The Sequel is a Hit

<P>No, Drew Nicholas is not Juan Dixon. Calvin McCall is not Byron Mouton. Neither Ryan Randle nor Tahj Holden is Lonny Baxter. Nonetheless, the career of these seniors, along with Steve Blake, can match up quite well on its own merits against those of any other class of Terrapin basketball players.</P>

In many ways, the 2002-03 Maryland basketball season has been defined more by what it is not than what it is, similar to the way a move sequel is compared to the original.. Lonny Baxter is no longer a dominant offensive figure in the low post; that spot manned by Ryan Randle. Juan Dixon is not around to make the clutch shots and defensive plays; that responsibility is now up to Drew Nicholas with help from Steve Blake. Byron Mouton is not here to be an emotional leader and grab the key rebound or make a crucial steal; Calvin McCall has taken up that mantle.

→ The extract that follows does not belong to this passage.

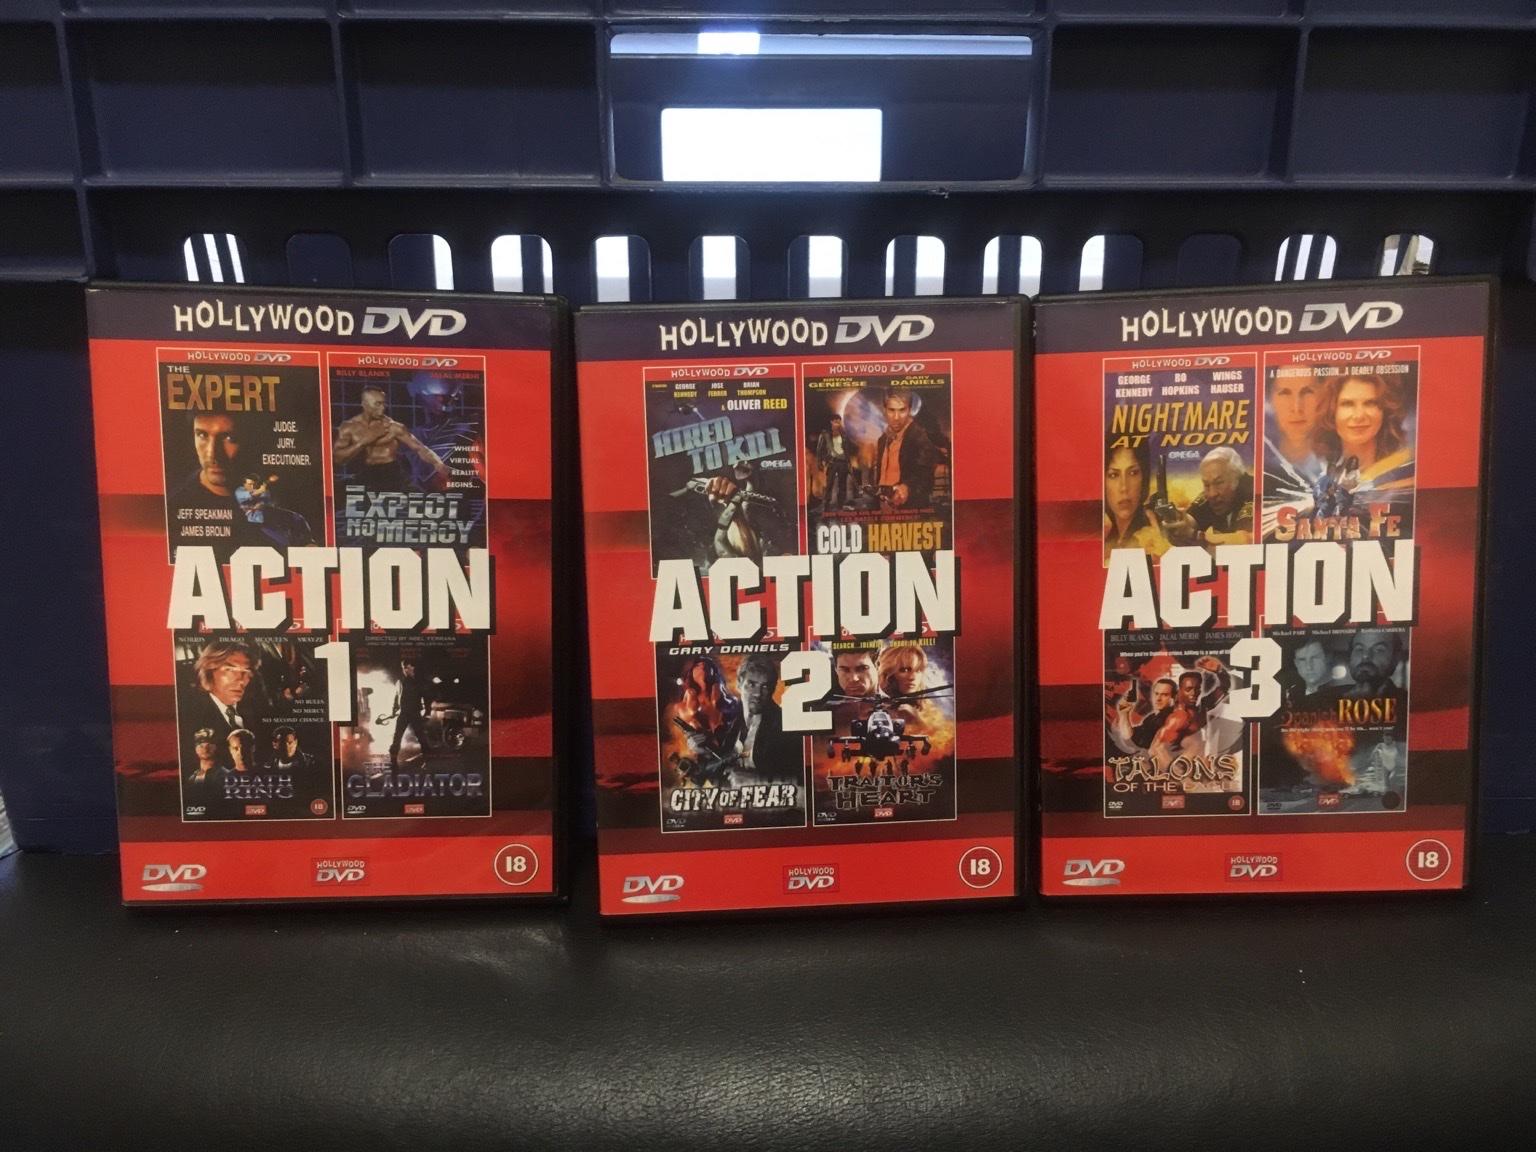 DVDS for Sale | DVD & Blu-ray in Shpock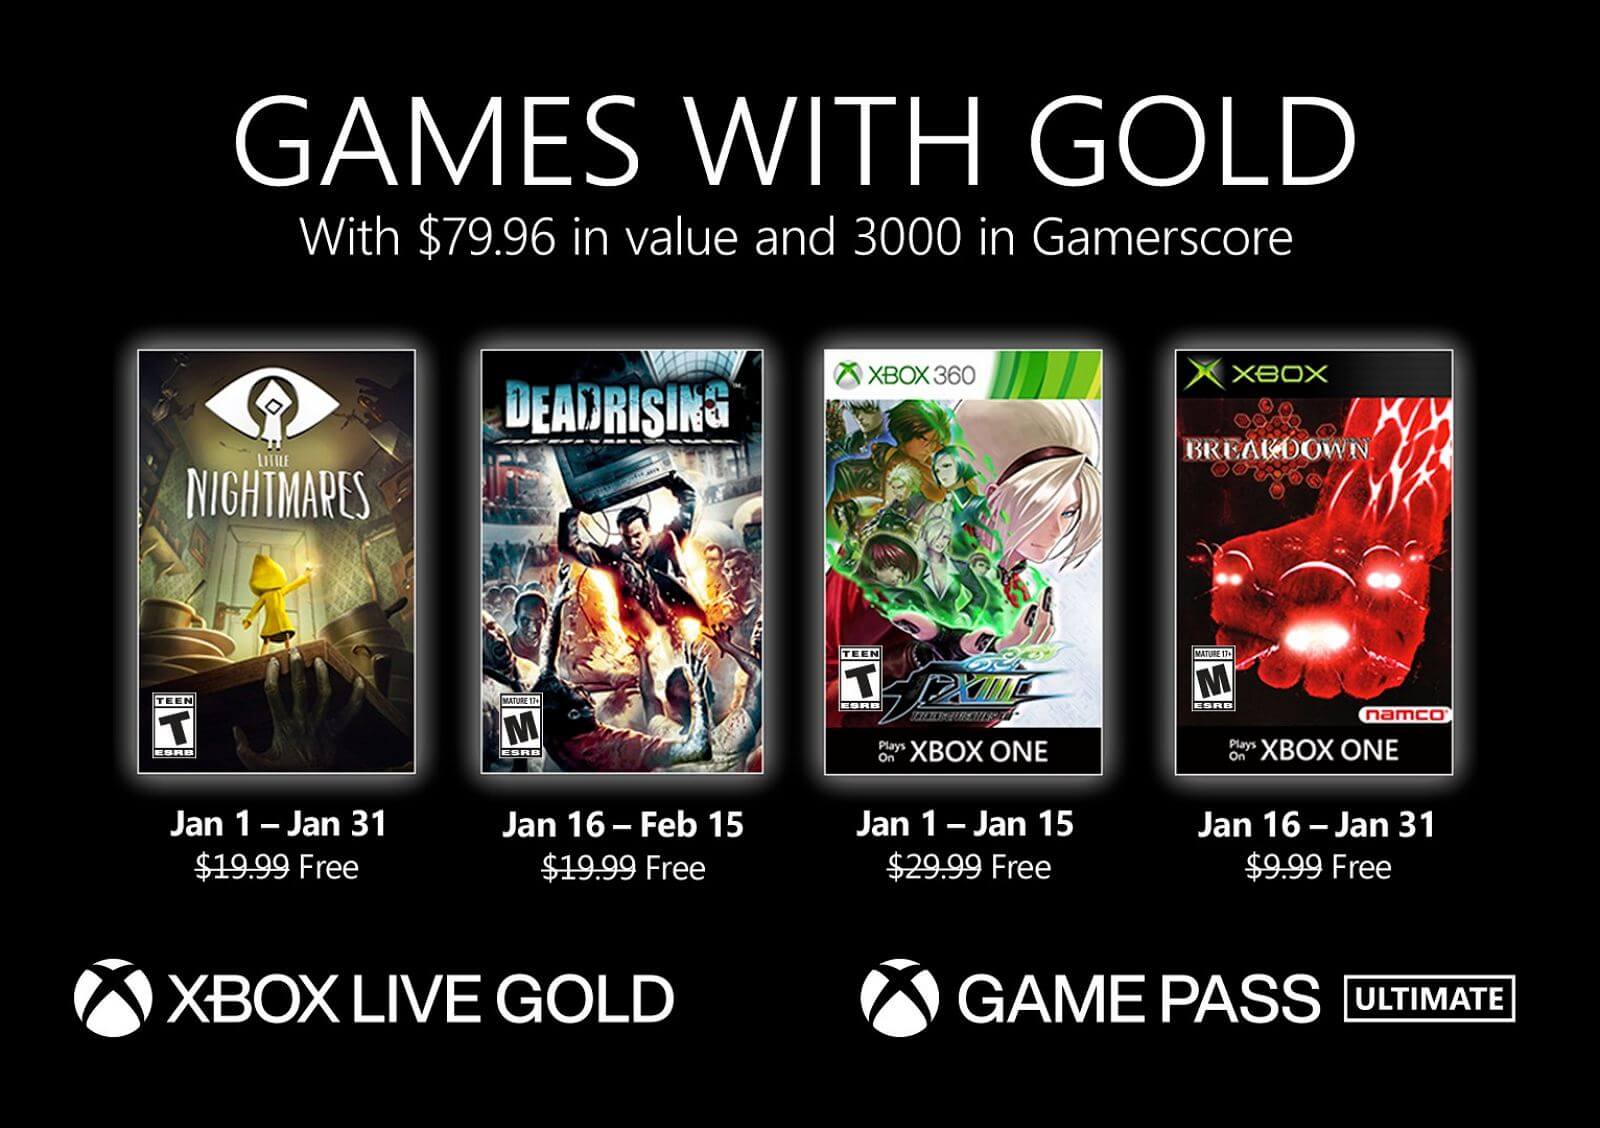 Xbox Live Gold Price Hike Announced, February Games With Gold

I want to take a view of what this team IS this season, particularly the seniors. Going into their final regular season game, the four year seniors have compiled a record of 101-32, 47-16 in the ACC. The total of overall and ACC victories are the second highest in any four-year period in Maryland basketball history, trailing only last year's senior record of 110-31, 49-15 in the ACC.

Much has been made of the experience of this year's Terps squad, but having five seniors on this team is somewhat misleading. Holden had only started 14 games in his first three seasons, and Nicholas had only cracked the starting lineup once. Randle was only in his second year at Maryland after two seasons at Allegheny Community College, and McCall had barely played 200 minutes total in his three seasons. Neither Randle nor McCall had ever started a game prior to this season. Only Steve Blake had been a regular starter, and he now holds school records for most games played and most starts.

Even Blake had to change his role somewhat this season. With all of the preseason talk about his chances to crack the 1,000 career assist mark (only three players in NCAA history have done so), in reality he never actually had a shot at that milestone. For the first time in his career, he has played some wing guard when freshman John Gilchrist has come in to run the point.

While Blake's assists have dropped accordingly, he still leads the ACC in that statistic and three-point shooting. Blake has started as many rallies with his shooting as his passing this season. Most recently, he started the Terps' second half destruction of Clemson with two quick threes early in the second half. Blake richly deserved to see his jersey hung from the rafters at the Comcast Center.

Drew Nicholas was an important part of Coach Gary Williams' rotation last season, filling in at point guard and both wing positions. He has not been as consistent as some fans would like, but he has still averaged 17 points per game and connected on 41% of his threes and 85% of his free throws.

He has seemed to score in spurts this season, but two of those spurts were critical in the Terps pulling out that ugly 52-47 win at Clemson and a tough 74-72 win at Florida State. Of course, Nicholas made possibly the single biggest shot of the season to beat NC State.

He is not a player who can consistently carry an offense, but who is? He has made his share of big plays going back to last season's improbable win at Virginia and developed into one of the best scoring threats in the ACC. Let's not forget his defensive abilities. I don't think Duke's JJ Redick will anytime soon.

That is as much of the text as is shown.